The proposed ShiftQuant method seems not hardware-friendly. Regrouping without memory rearrangement means each element in a quantized dot product has a different scaling factor. To produce a correct output, the hardware matmul unit has to scale each element back before accumulation (step 2 in Figure 3c). In commercial hardware, e.g., GPUs, there is usually no access to the intermediate matmul outputs before accumulation. If building a customized hardware, one scaling factor per channel seems infeasible in terms of chip area and power, even if it is power-of-two.
It is not clear how the throughput analysis on GPU is obtained. Line 451 says the performance analysis in Figure 7 is for 6-bit ShiftMM kernel, but NVIDA RTX 3090 does not have 6-bit tensor cores as far as the reader understands.

问题

The questions are listed in the weakness section.

审稿意见

评分: 5置信度: 42024-11-04

The paper presents an integer training framework that involves two main steps: grouping channels to minimize quantization errors and incorporating L1 normalization layers to stabilize the loss landscape. The method is targeted at sub-8-bit integer formats and reports significant performance gains on CPU, GPU, and FPGA when compared to FP16 baselines.

优点

The paper addresses the challenging task of low-precision, end-to-end training for neural networks.
The approach is straightforward and easy to understand.
Evaluation results are provided for three different hardware platforms.

缺点

The description of “fully-quantized L1 normalization” lacks clarity.

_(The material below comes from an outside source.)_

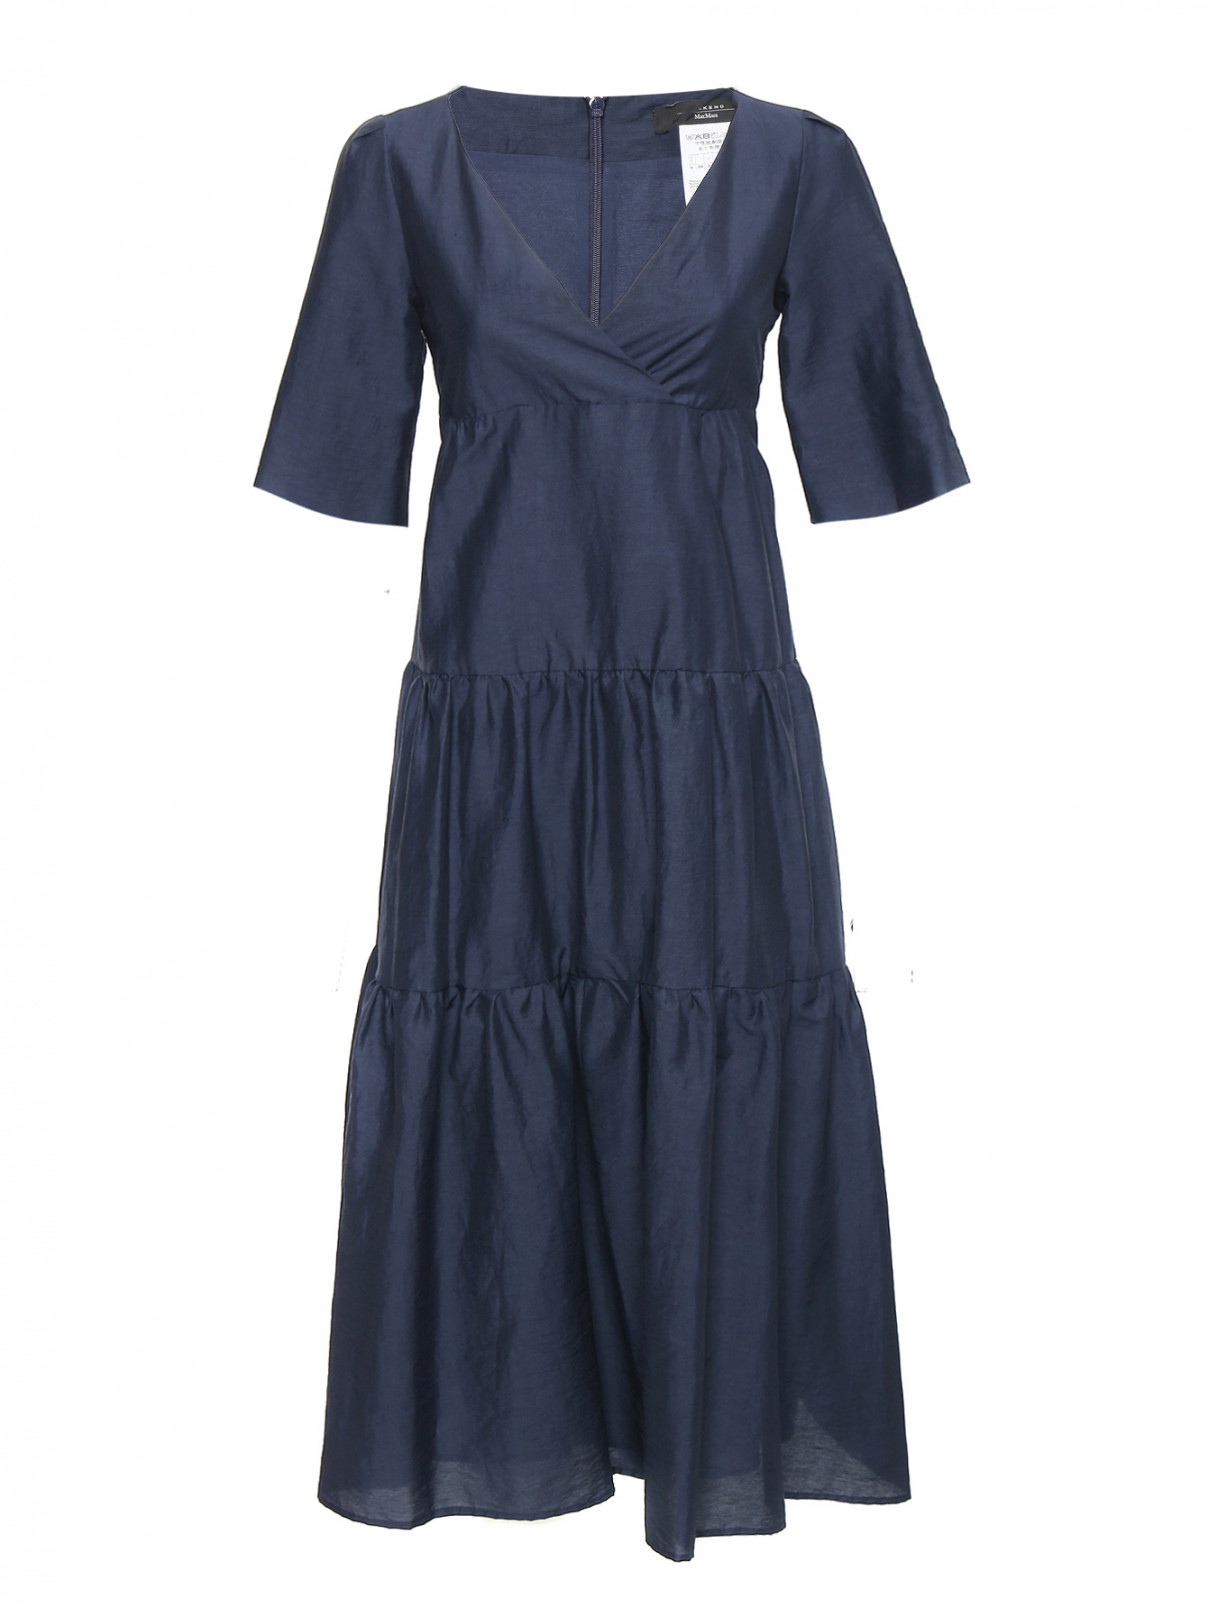 Платье из хлопка и льна с коротким рукавом Weekend Max Mara  –  Общий вид  – Цвет:  Синий

Is the approach intended to replace quantized L2 normalization with a quantized L1 version?
While ShiftQuant helps manage a wide gradient range and quantized L1 normalization enables fully quantized normalization layers, these contributions are complementary and show limited direct interaction.
The comparison between INT6 and FP16 matrix multiplication on FPGA appears biased. The baseline INT6 format can outperform FP16 in terms of latency, energy, and resource usage, as shown in Table 8. It seems misleading to attribute lower resource usage solely to the proposed method.

问题

See weaknesses above.
The statement, “It is intuitive that smaller channels should be grouped separately from larger channels,” could be clearer. Does this refer to the distribution of outliers within channels?
The proposed channel grouping strategy resembles the channel permutations strategy for weights from Pool et al.'s “Channel Permutations for N: M Sparsity” (NeurIPS, 2021). Can re-grouping weights/activations/gradients be implied across the quantization literature?
A more detailed comparison of L1 normalization's performance across different architectures and bit-widths would better support its advantage over traditional L2 normalization in low-bitwidth training.

撤稿通知

2024-11-23

I have read and agree with the venue's withdrawal policy on behalf of myself and my co-authors.